If that seems like a good deal of effort is involved in web page composition, it is because there is.

The key insight baked into the YSlow performance rules is that the processing time inside the web browser to apply the style sheet is probably trivial compared to the time it takes to resolve the URL over the network and retrieve the file using the HTTP protocol.

YSlow itself was based on the work of Steve Souders, who was originally at Yahoo, but currently hangs his hat at Google. Souders is the author of a popular book on web application performance called High Performance Web Sites, which explains in some detail the rationale behind the YSlow tool. YSlow inspired the PageSpeed Insights tool that is currently available for Google’s Chrome web client, highly esteemed among web developers, and the performance-oriented Developer Tools in Microsoft’s Internet Explorer. YSlow also influenced the development of other, similar tools, including the performance testing site and Visual Round Trip Analyzer, for example, that was developed by a team responsible for web application performance for Microsoft web properties like HotMail.

In order to use YSlow, you have to first install the YSlow extensions into your browser. (YSlow supports Chrome, Safari, Firefox, and Opera, among others.) Then, on command, YSlow re-loads your web page and interrogates the DOM. It identifies each component of the DOM that was loaded by the page, determines its size, the contents of its headers, and other characteristics that can affect page load time performance.
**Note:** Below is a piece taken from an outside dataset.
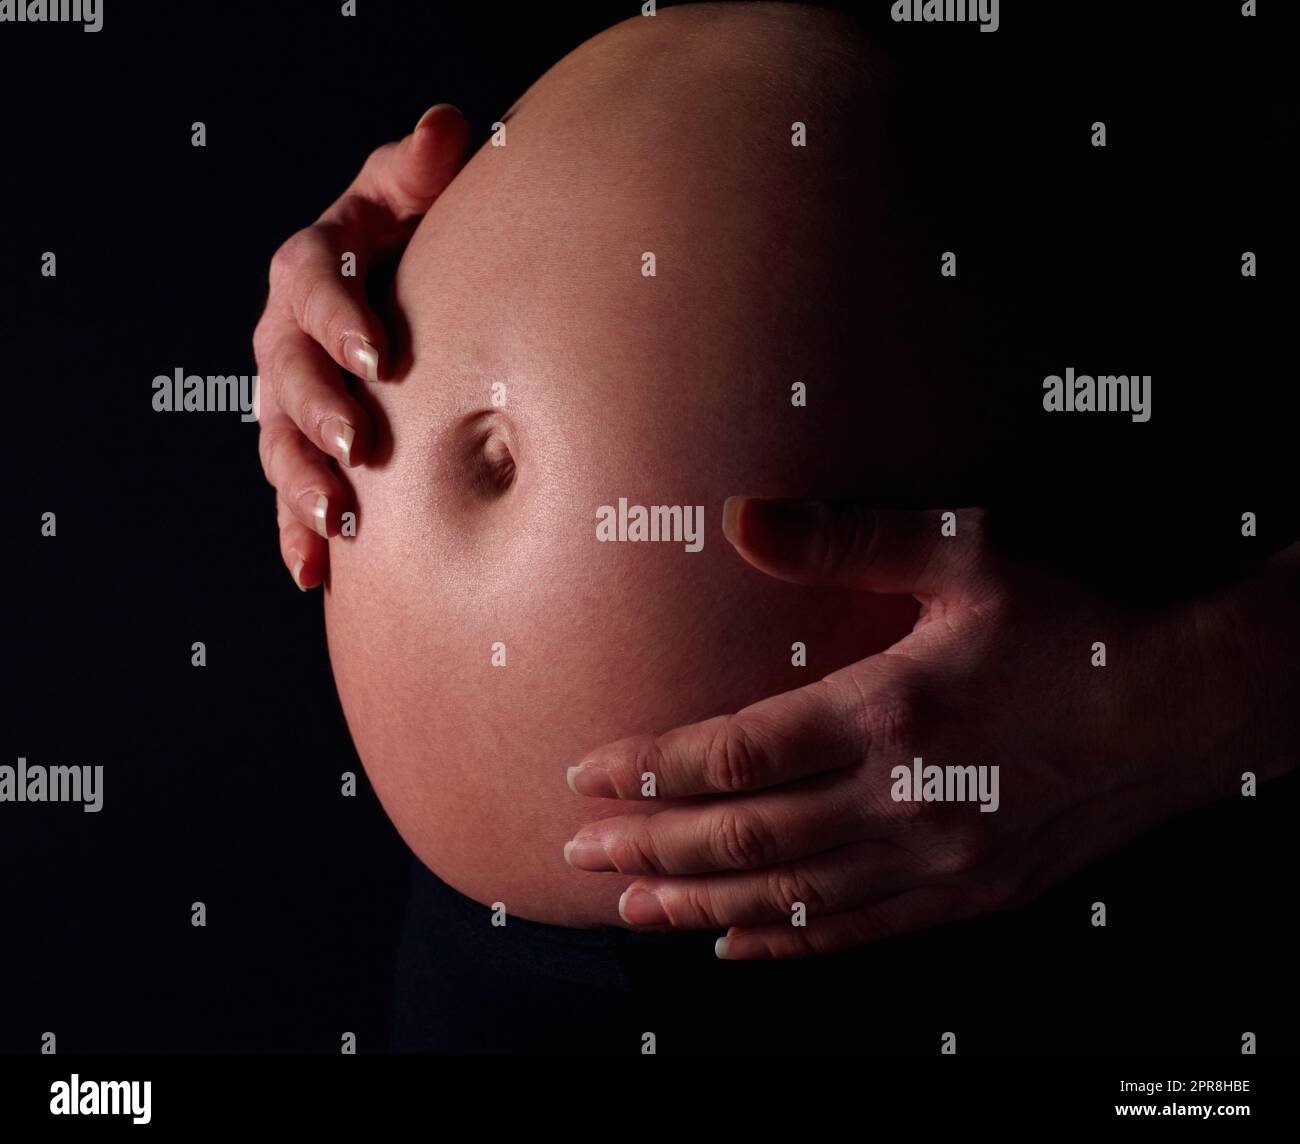 Schwanger Frau hält freiliegenden Bauch vor schwarzem Hintergrund. Detailaufnahme einer Schwangeren, die einen freiliegenden Bauch vor schwarzem Hintergrund hält. Stockfoto

YSlow then generates a report that analyzes the page and provides guidance for reducing the amount of the time it would take to load the page.
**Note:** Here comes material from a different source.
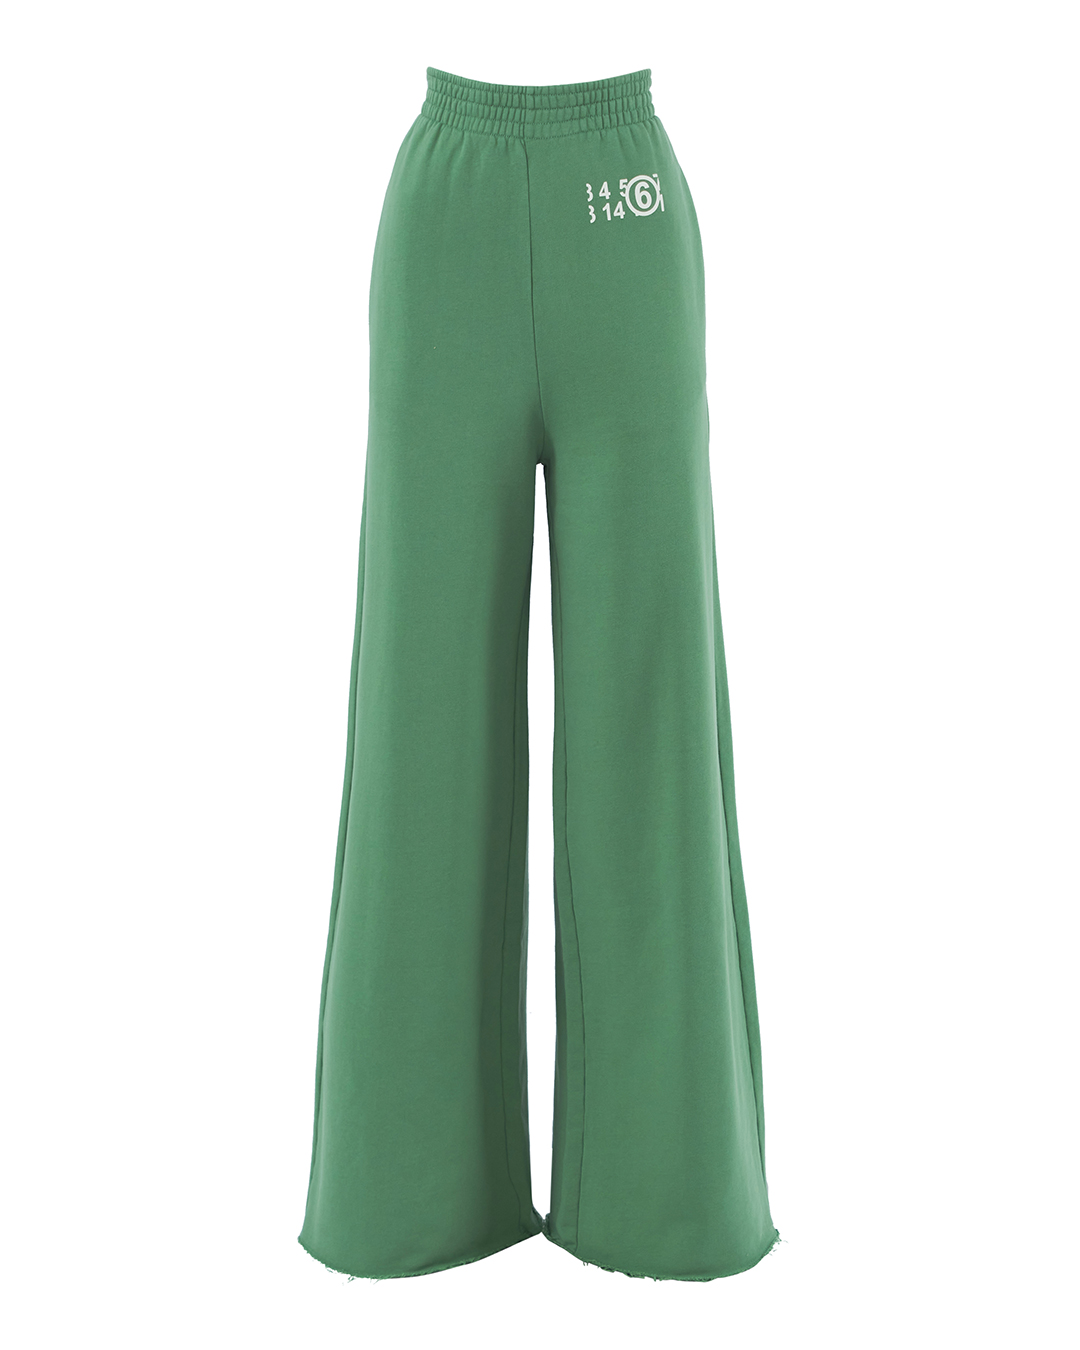 брюки MM6 Maison Margiela S52KA0392 зеленый+принт l, размер l, цвет зеленый+принт S52KA0392 зеленый+принт l - фото 1

Note that YSlow does not actually measure the time it takes to re-load the page it is analyzing. This is mainly due to the fact that caching of the page’s content by the browser and elsewhere on the network – caching is a ubiquitous feature of web technologies – improves the time to reload the page’s content significantly. This is a crucial point that we will revisit when we look at other web performance tools that do actually try to measure web application response time from the point of view of the web client application. It is in that context that I will also review the relatively, recent standardization effort backed by the W3C, the consortium that develops the standards web applications must adhere to, to incorporate performance-oriented timing data into the DOM where it can be gathered in a consistent fashion using JavaScript code.

But, meanwhile, back to YSlow. With the information in hand that it gathered about the components of the page that need to be loaded, YSlow then applies a number of performance Rules and calculates a grade for each rule, where “A” is excellent and “E” or “F” are failing grades. YSlow’s evaluation of the web page from our case study is shown in Figure 2.


Figure 2. The report YSlow generates when the tool reloads the example web page shown in Figure 1.

We see in Figure 2 that the web page being analyzed receives a near failing grade of “E” for the first and foremost of the YSlow performance rules, which is to make fewer HTTP requests.

To understand why this performance rule is so important for web application performance, it will help to dive deeper into the HTML protocol that is used in web page composition. At this point in the discussion, it will also be helpful to derive the scalability model for web application performance that is implicit in YSlow and similar performance tools.

I will take up those topics in more detail in the next blog posts in this series.